TEMPO.CO, Jakarta - Hakim Pengadilan Tata Usaha Negara Jakarta memutuskan tidak dapat menerima gugatan perusahaan kertas raksasa PT Riau Andalan Pulp and Paper (RAPP). Perusahaan milik Sukanto Tanoto itu meminta agar Pengadilan mencabut Surat Keputusan Menteri Lingkungan Hidup dan Kehutanan Nomor 5322 tentang pembatalan rencana kerja perusahaan periode 2010-2019.

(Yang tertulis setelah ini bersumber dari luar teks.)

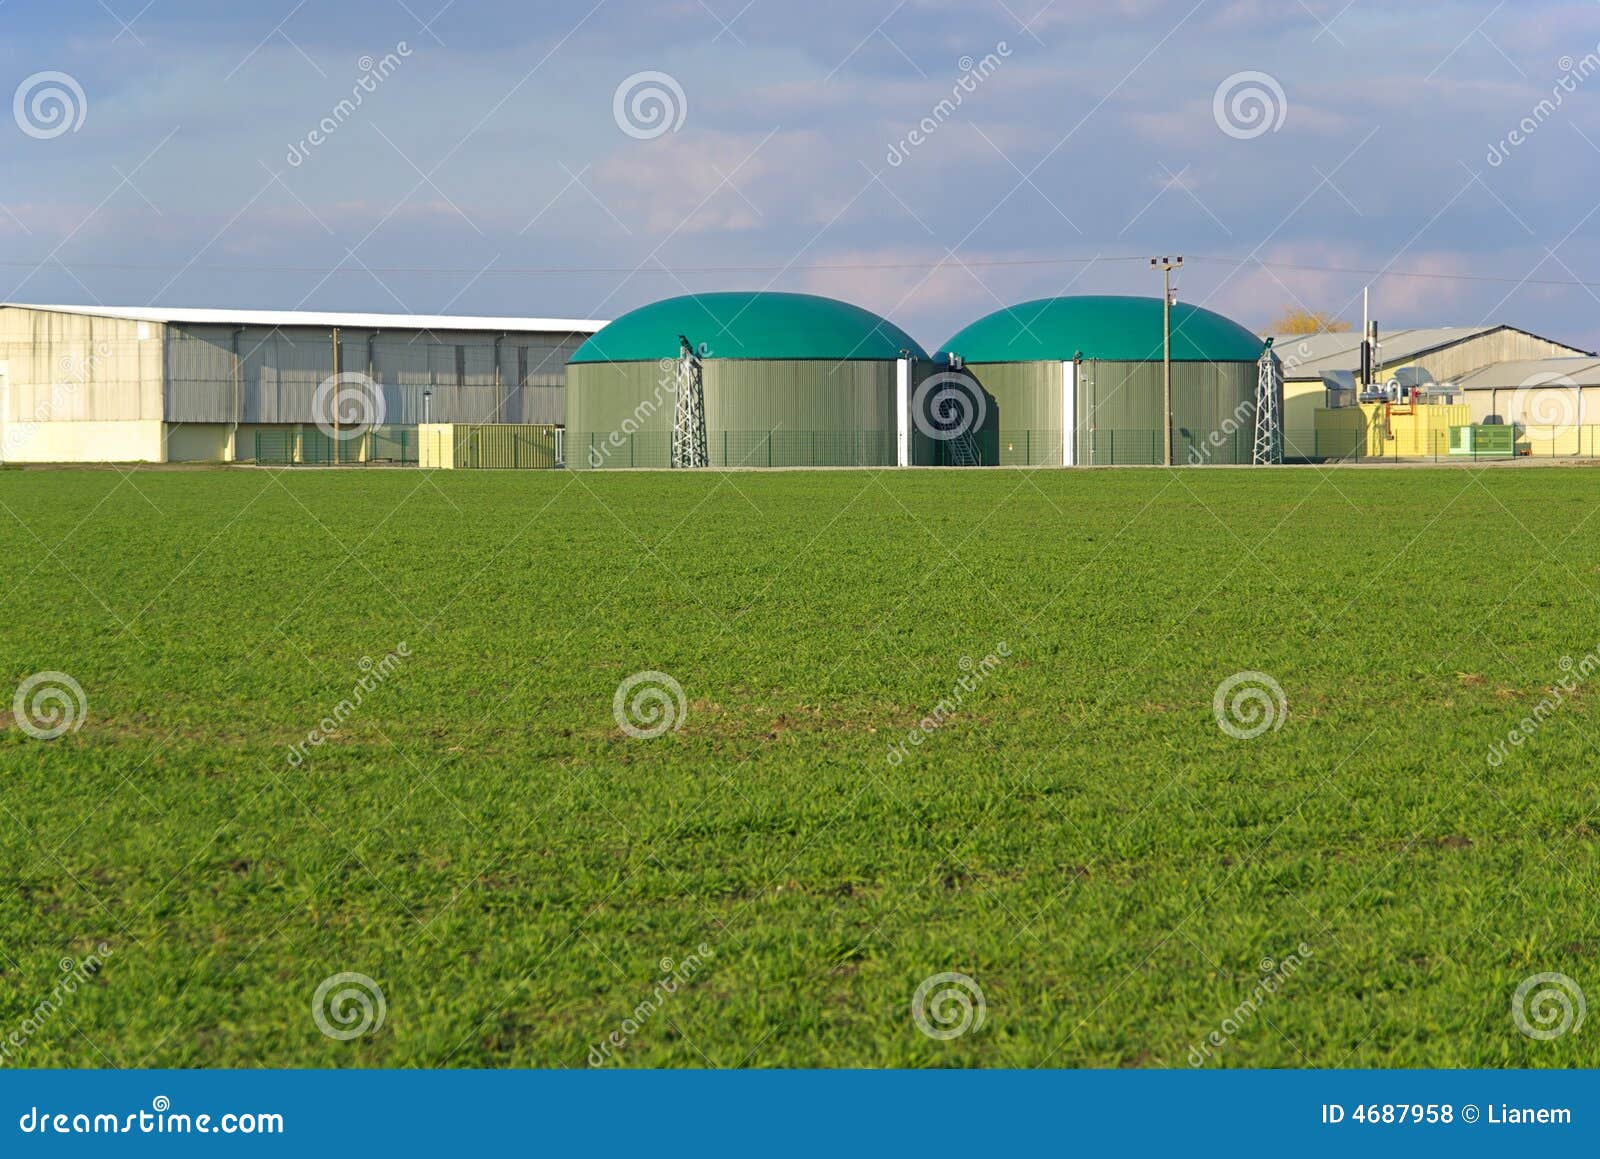 biogas plant 02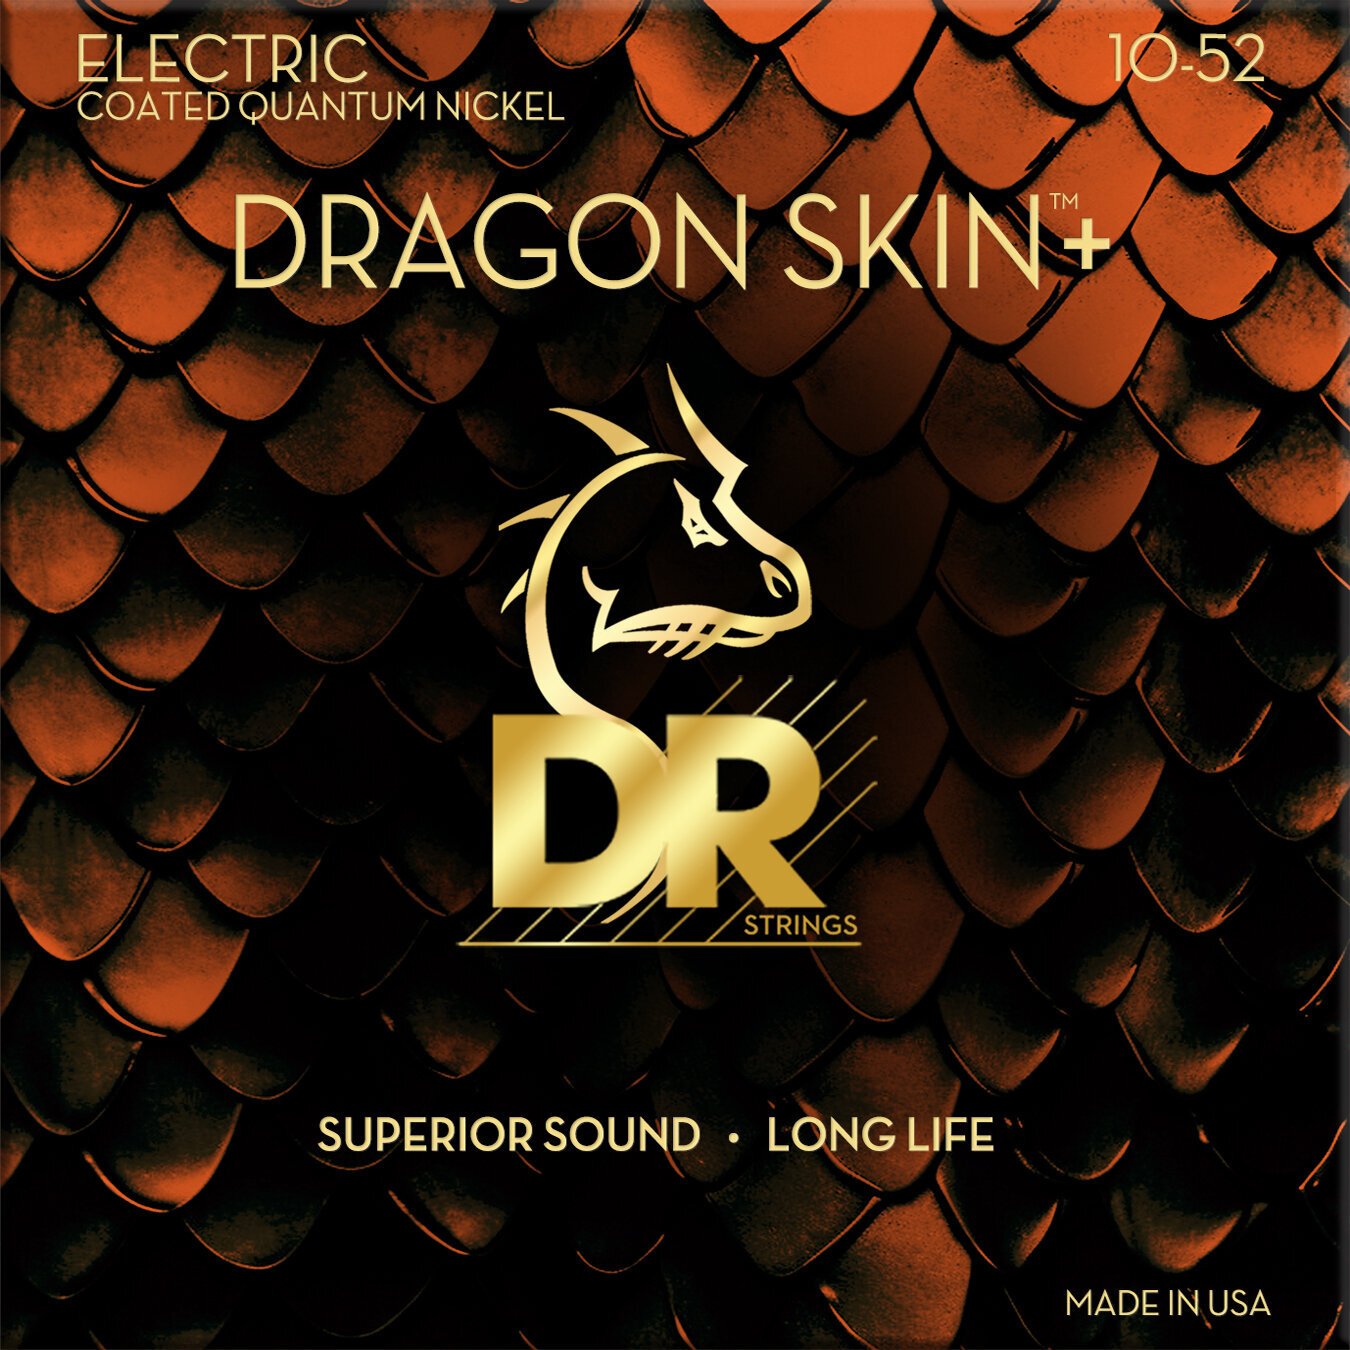 E-gitarrsträngar DR Strings Dragon Skin+ Coated Medium to Heavy 10-52

Ketua Majelis Hakim Oenoen Pratiwi mengatakan gugatan tidak dapat diterima karena tidak memenuhi syarat formal. Argumentasi pemohon, yakni PT RAPP, tentang SK yang otomatis batal karena Kementerian tidak menjawab keberatan yang dilayangkan, tidak dapat dipenuhi. “Entitas permohonan oleh pemohon sebagai permohonan fiktif positif sebagaimana diperkarakan dalam pengadialn tidak dapat dipenuhi,” kata Oenoen saat membacakan putusan di PTUN Jakarta, Selasa, 21 Desember 2017.
Baca juga: 29 Taipan Sawit Kuasai Lahan Hampir Setengah Pulau Jawa
Kisruh antara Kementerian dan anak perusahaan milik taipan Sukanto Tanoto itu bermula pada 6 Oktober lalu, ketika sepucuk surat peringatan terbit. Kala itu, Kementerian menegur PT Riau karena mendapati mereka menanam akasia dan membuat kanal di lahan gambut ketika dua kali melakukan inspeksi mendadak ke area konsesi mereka di Pelalawan, Riau.
Kementerian, sejak Mei 2017, telah meminta seluruh perusahaan pemegang konsesi hutan tanaman industri untuk merevisi rencana kerja usaha agar sesuai dengan aturan baru yang disahkan dalam Peraturan Pemerintah Nomor 57 Tahun 2016 tentang Perlindungan dan Pengelolaan Ekosistem Gambut. Dalam aturan tersebut, antara lain, disebutkan soal larangan membuka lahan di area gambut, terutama yang ketebalannya lebih dari 3 meter. Setiap orang juga dilarang membuat kanal yang mengakibatkan gambut kering dan bisa berujung terbakarnya hutan.
Belakangan, setelah memberi teguran, Kementerian juga membatalkan RKU pada 16 Oktober 2017 lewat Surat Keputusan Nomor 5322. Surat inilah yang digugat PT RAPP ke Pengadilan TUN Jakarta dengan dalih proses penerbitannya tak sesuai ketentuan. Perusahaan juga sempat mengirimkan keberatan atas SK tersebut. Menurut mereka, keberatan itu tidak dibalas Kementerian dalam waktu 10 hari, sehingga perusahaan menganggap keberatan otomatis diterima. Argumen ini, dalam hukum, disebut fiktif positif.
Simak pula: Banding Ditolak, Grup Asian Agri Harus Setor Pajak
Hakiem Oenoen mengatakan permohonan fiktif positif yang disebut dalam Pasal 53 Undang-undang Administrasi Pemerintahan merupakan permohonan untuk hal baru, bukan membatalkan keputusan atau tindakan yang telah diambil pemerintah. “Maka majelis hakim berpendapat permohonan pemohon tidak dapat diterima,” katanya.
Sidang putusan ini menutup proses persidangan perusahaan Sukanto Tanoto yang telah berlangsung sejak 23 November 2017.